Никита Михалков: У меня не было мысли подгонять картину под дату. Просто, видимо, существует какой-то цикл в художественном творчестве, который опережает время. Фильм «Двенадцать» стал цитироваться через три года после выхода, «Утомленные солнцем – 2» вообще вышел на восемь раньше. Так же и «Солнечный удар» мы снимали два года назад в Одессе, прекрасном южном городе, отдельной планете – а что происходит там сейчас? Сто человек сожжено просто так! Но в этом нет какого-то провидения – просто применение жизненного, генетического, исторического опыта к тому, что происходит в сегодняшние дни, дает возможность как бы предугадать, а на самом деле – опередить время, так иногда бывает в художественном творчестве.
Наш герой, находясь на краю – и своей родины, и своей жизни – все время задает себе вопрос: «Как это случилось?» Как же так, что всего 13 лет назад, в 1907 году, он плыл по Волге, с ним случился солнечный удар, у него был потрясающий день в маленьком городе, и все было так печально и расслабленно, была романтика жизни – а теперь он стоит в холодном лагере для пленных и срезает погоны. Зачем мы – спрашивает другой герой нашего фильма, есаул. Зачем все это, зачем русская литература, зачем мы учили французский, если все доведено до такого крайнего состояния? И мне кажется, что это очень современный вопрос сегодня.

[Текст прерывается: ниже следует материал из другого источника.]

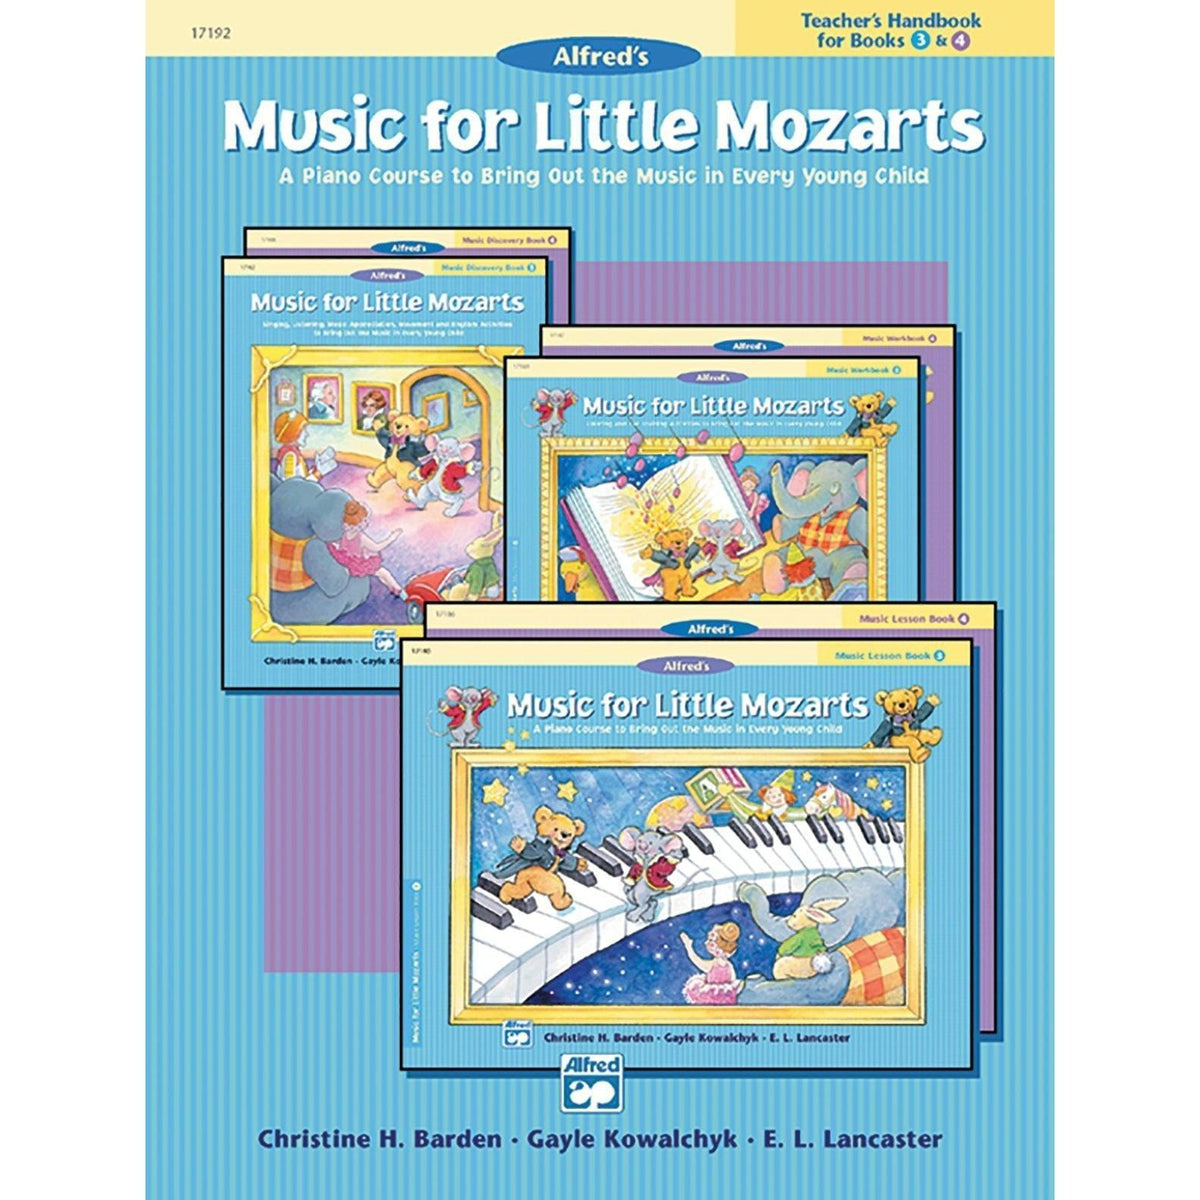 Music For Little Mozarts | Teachers Handbook 3-4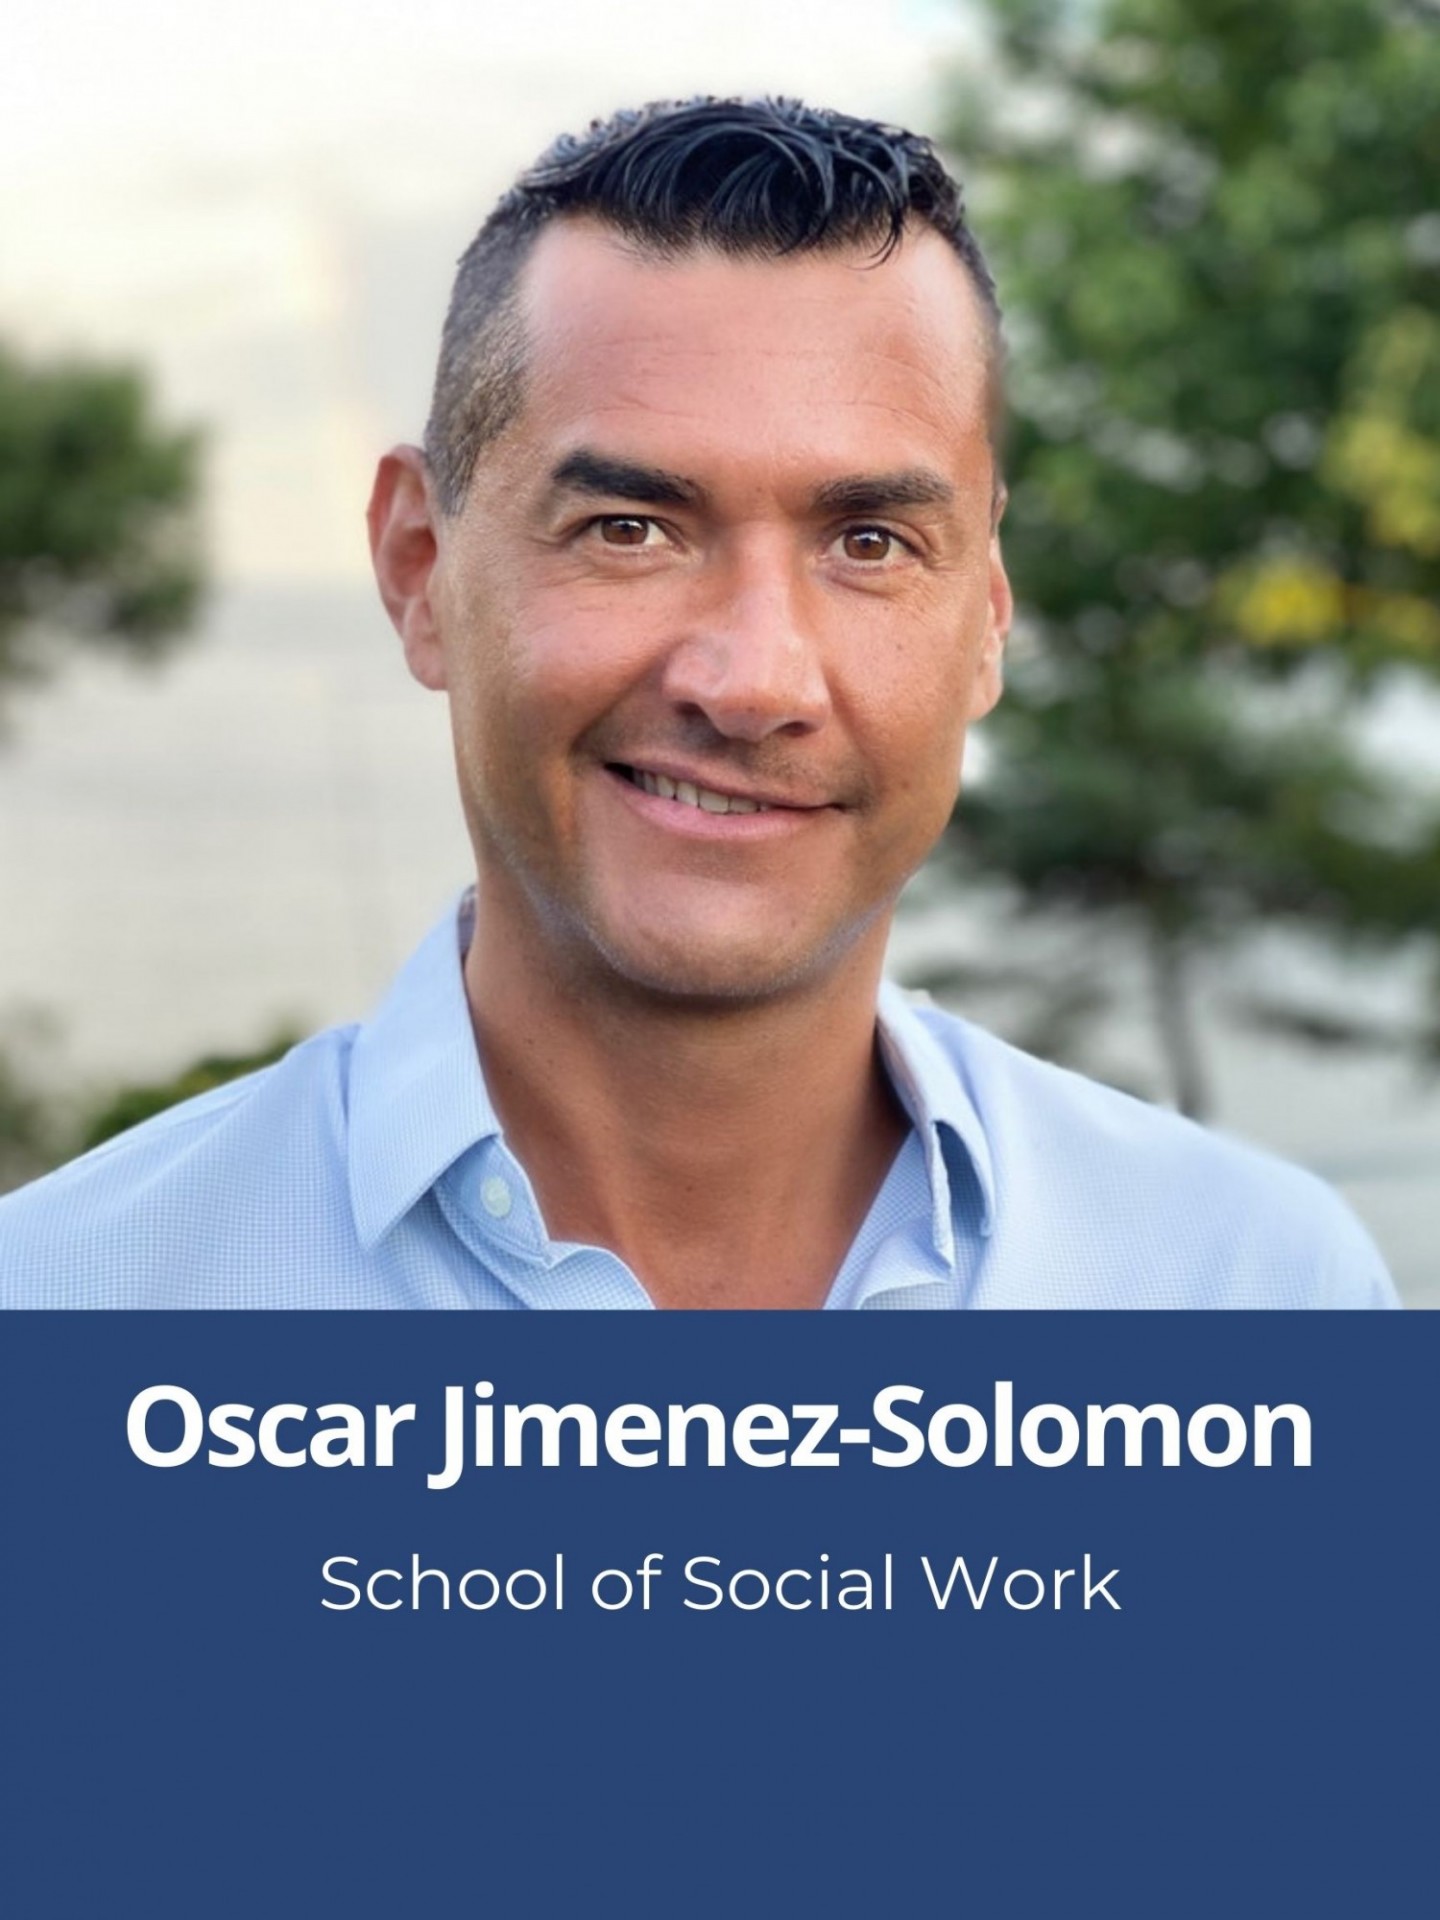 Oscar Jimenez-Solomon

По всей картине разлиты ответы на вопрос «Как это случилось?» – мальчик спрашивает тебя про Дарвина, а ты отмахиваешься, шутишь, милая горничная украла шарф, фотограф обманул и так далее. Казалось бы, глупо говорить, что из-за этого случилась революция – но и из-за этого тоже она произошла.
ВЗГЛЯД: Вы начинали работу над фильмом в 2011–2012 годах, когда была Болотная, когда в стране искусственно пытались создать революционную ситуацию. А премьера фильма проходит уже после Крыма, после «русской весны». Если продолжить параллели с событиями столетней давности, то начинали вы в 1905-м, когда бушевала первая русская революция, а закончили в 1908-м, когда Столыпин сумел не просто погасить ее всполохи, но и начать созидательную политику. Но тогда России в конечном счете не удалось выйти из ловушки – Столыпина убили, началась мировая война, произошел внутренний заговор в верхах, и Россию обвалили в революцию. Сейчас мы тоже воюем – в основном экономически – и удастся ли нам в этот раз не допустить повторения ошибок и преступлений столетней давности?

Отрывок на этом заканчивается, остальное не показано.